Finding a few pus cells or white blood cells (WBCs) in urine is quite normal. But too many of them may signal a problem somewhere in your urinary tract, the commonest of which is a urinary tract infection (UTI). Your lab will usually report the result as number of cells counted per high power field of the microscope (hpf) or number of WBCs/mL of urine. Usually, 5 to 10 pus cells/hpf or 105 WBCs/mL of urine is considered normal. A high number of pus cells in urine is called pyuria. When a large number of WBCs are present in urine, they may also be detected on a urine dipstick test for leukocyte esterase.

UTIs are the commonest cause of pus cells in urine. The infection could be anywhere from the kidneys to the urethra, though bladder infection (cystitis) is the commonest. It’s generally an uncomplicated condition that can be promptly resolved with antibiotics. People with a UTI generally also have a large number of bacteria in their urine. In some cases pus cells are found in urine but no bacteria or other infectious organism is found on urine tests. The possible causes of pus cells without bacteria in urine are:

Interstitial cystitis: Interstitial cystitis is a noninfectious condition causing inflammation of the bladder. It is much more common in women than in men. Its symptoms are similar to cystitis but no organism is found on urine culture.

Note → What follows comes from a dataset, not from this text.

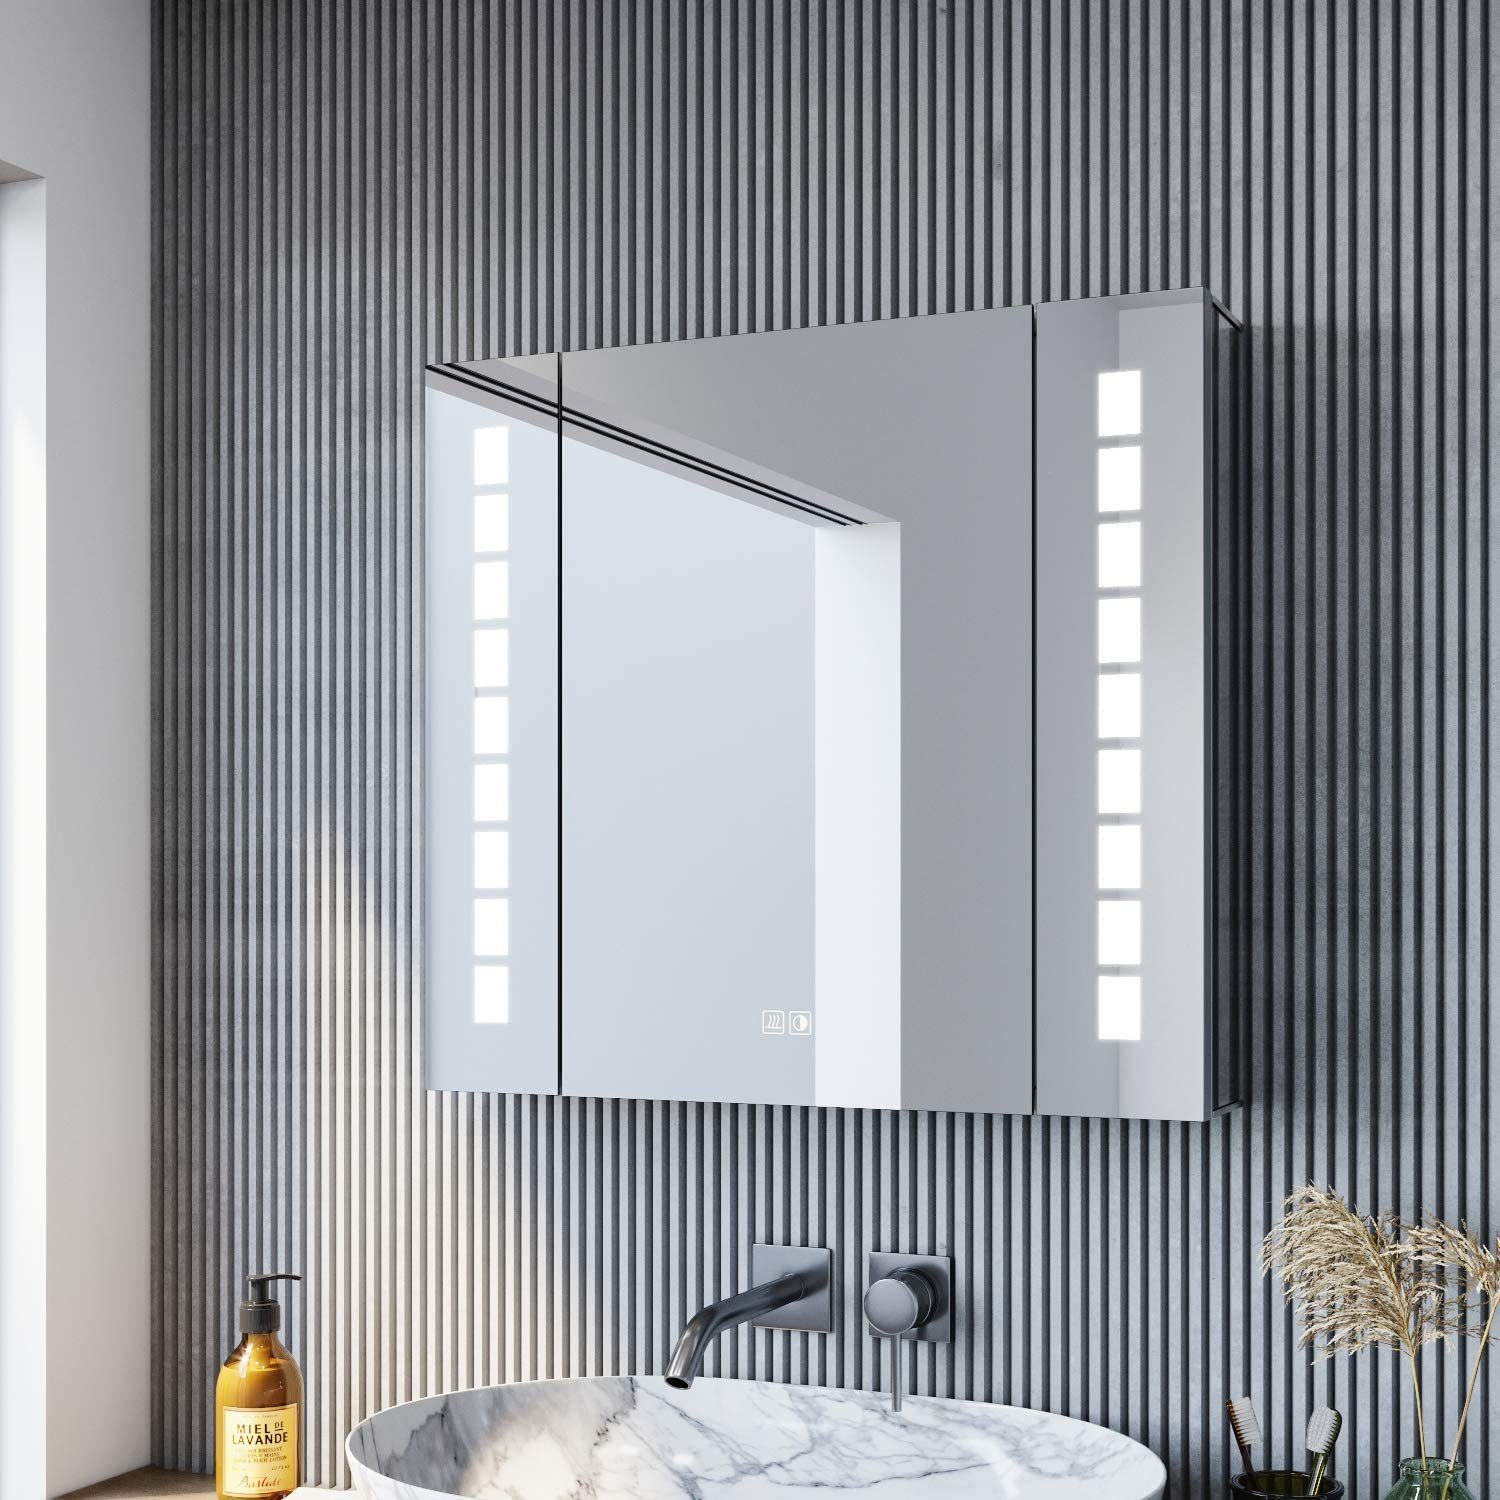 SONNI Spiegelschrank »Spiegelschrank Bad mit LED Beleuchtung 60×65cm  Aluminium« mit Steckdose, Beschlagfrei, Touch online kaufen | OTTO

prostatitis: Inflammation of the prostate gland in men because of infection or other causes can cause pus cells in urine.

Kidney stones: Stones cause irritation and inflammation in the urinary tract which can lead to pus cells in urine. Kidney stones nearly always also cause the appearance of red blood cells (RBCs) in urine.

Some organisms causing infections in the urinary tract do not show up on standard urine culture for indentifying bacteria, for e.g. some sexually-transmitted agents that cause urethral infection. Your doctor may have to order special tests for detecting them. Depending on your medical history and symptoms, some organisms that your doctor may want to test for are N. Gonorrheae, chlamydia, mycoplasma, Ureaplasma and Trichomonas.